What the task requires - In your copy, include every line of the listing below exactly but none of the pictures.

Information provided -
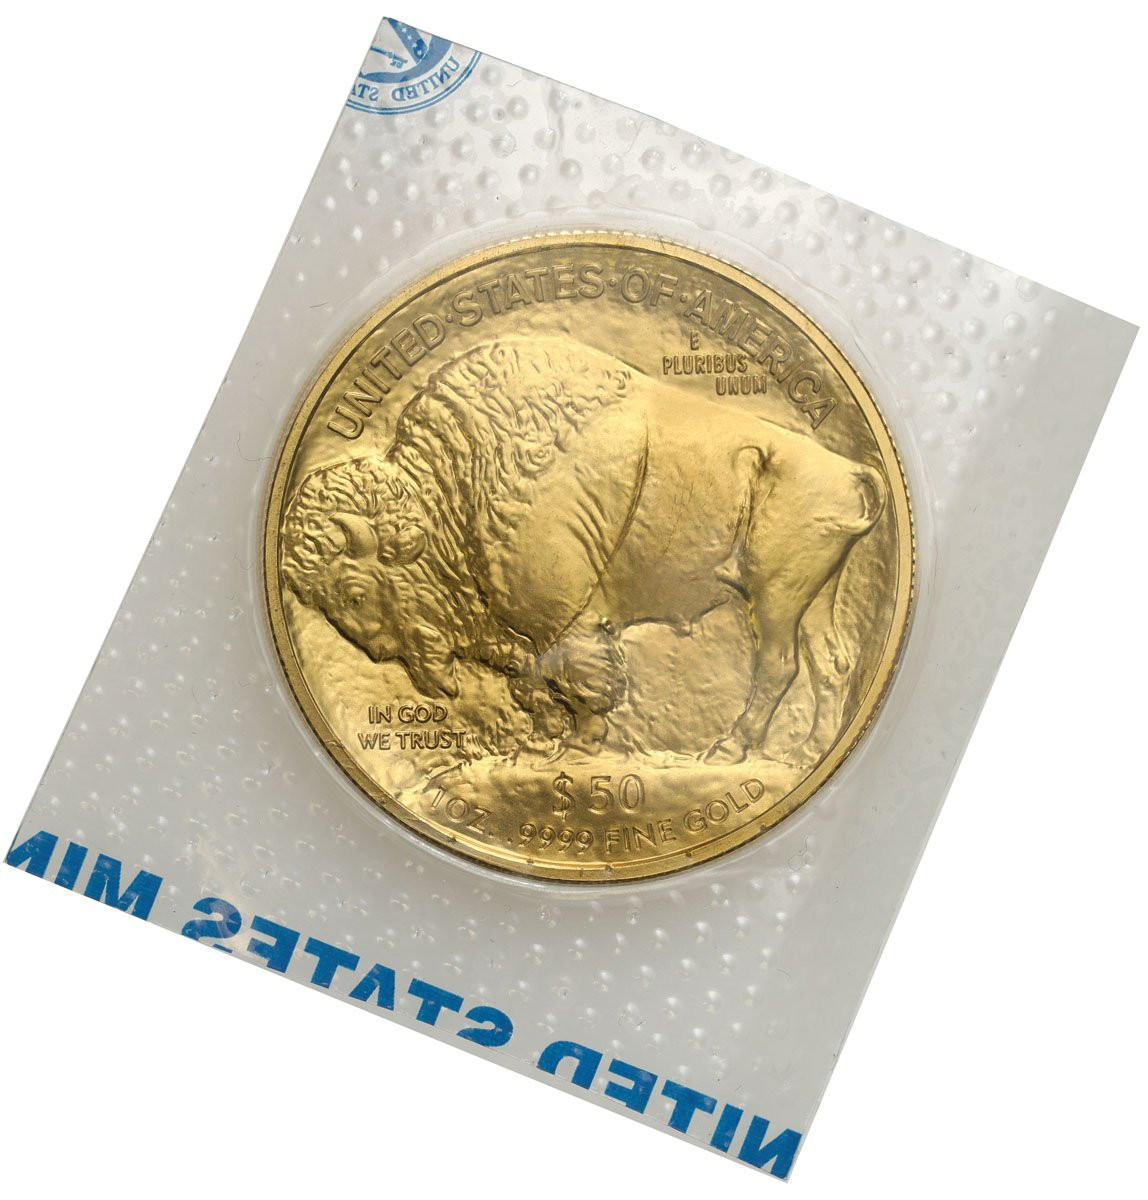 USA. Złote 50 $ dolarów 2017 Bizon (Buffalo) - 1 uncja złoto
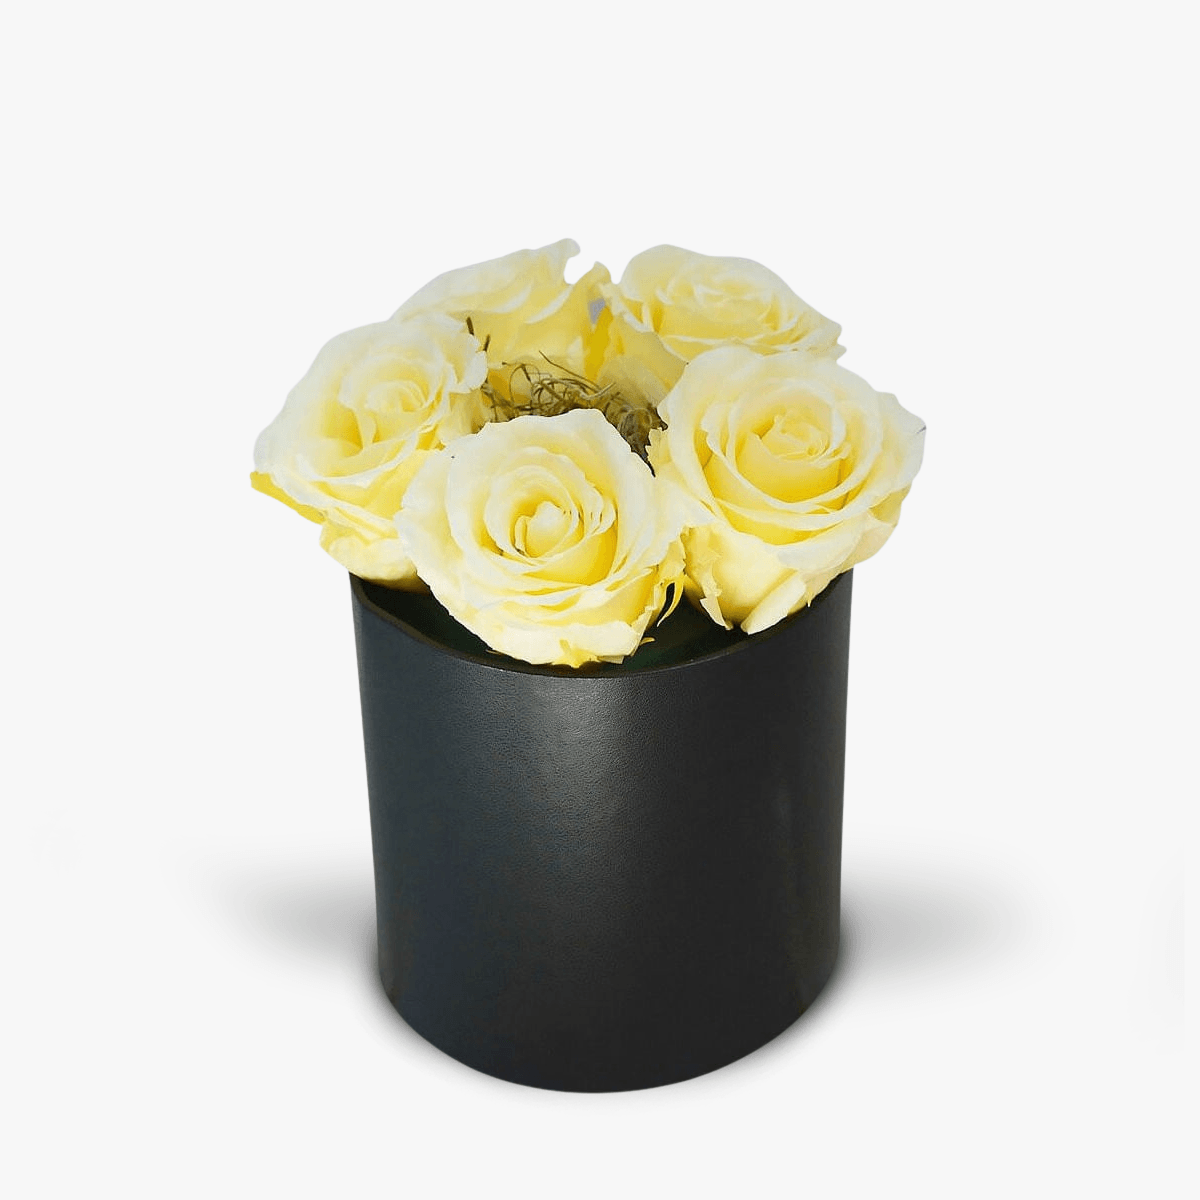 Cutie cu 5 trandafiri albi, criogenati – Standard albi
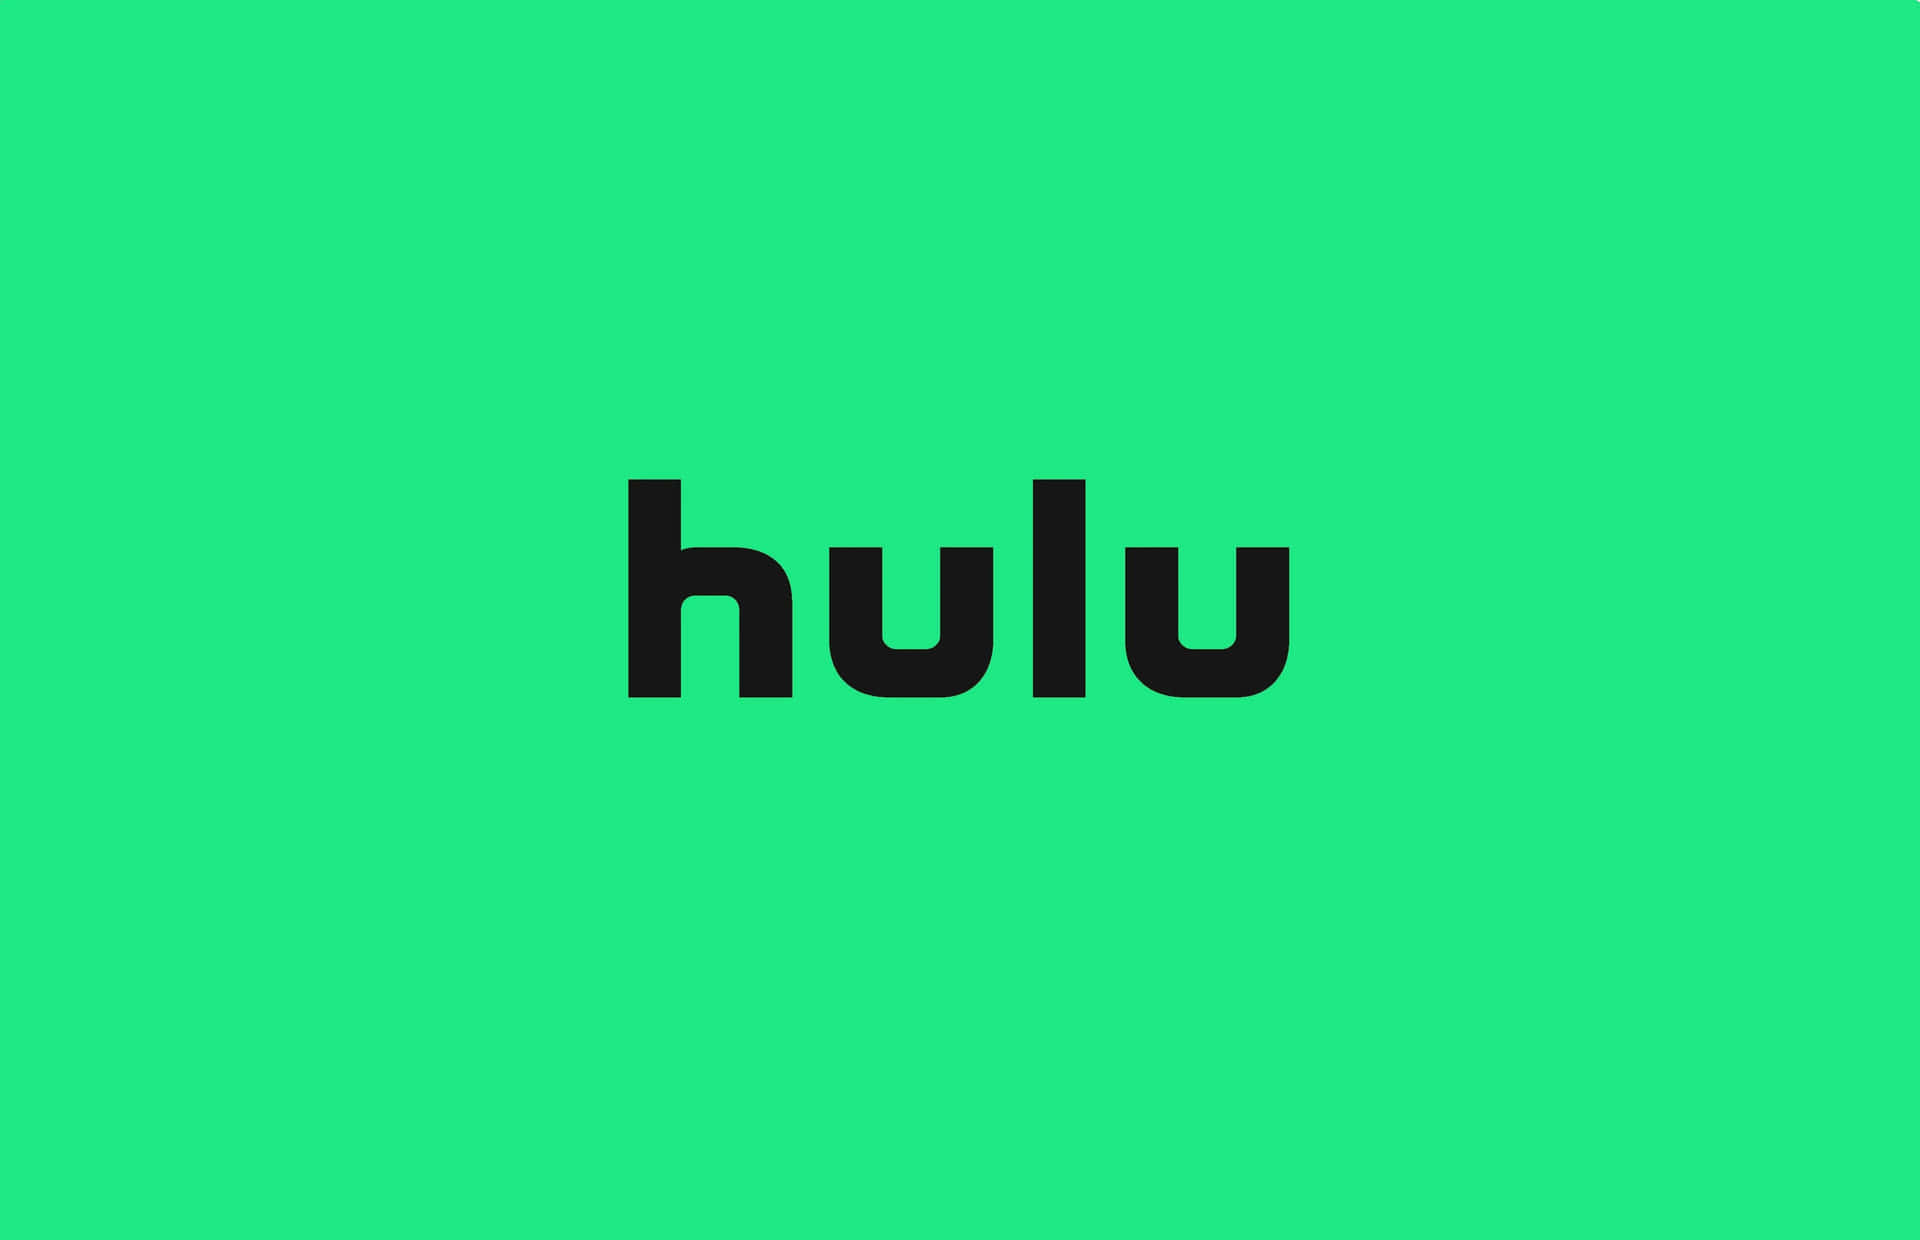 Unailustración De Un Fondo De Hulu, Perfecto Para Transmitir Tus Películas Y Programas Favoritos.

Exercise output -
 USA. Złote 50 $ dolarów 2017 Bizon (Buffalo) - 1 uncja złoto
 Cutie cu 5 trandafiri albi, criogenati – Standard albi
 Unailustración De Un Fondo De Hulu, Perfecto Para Transmitir Tus Películas Y Programas Favoritos.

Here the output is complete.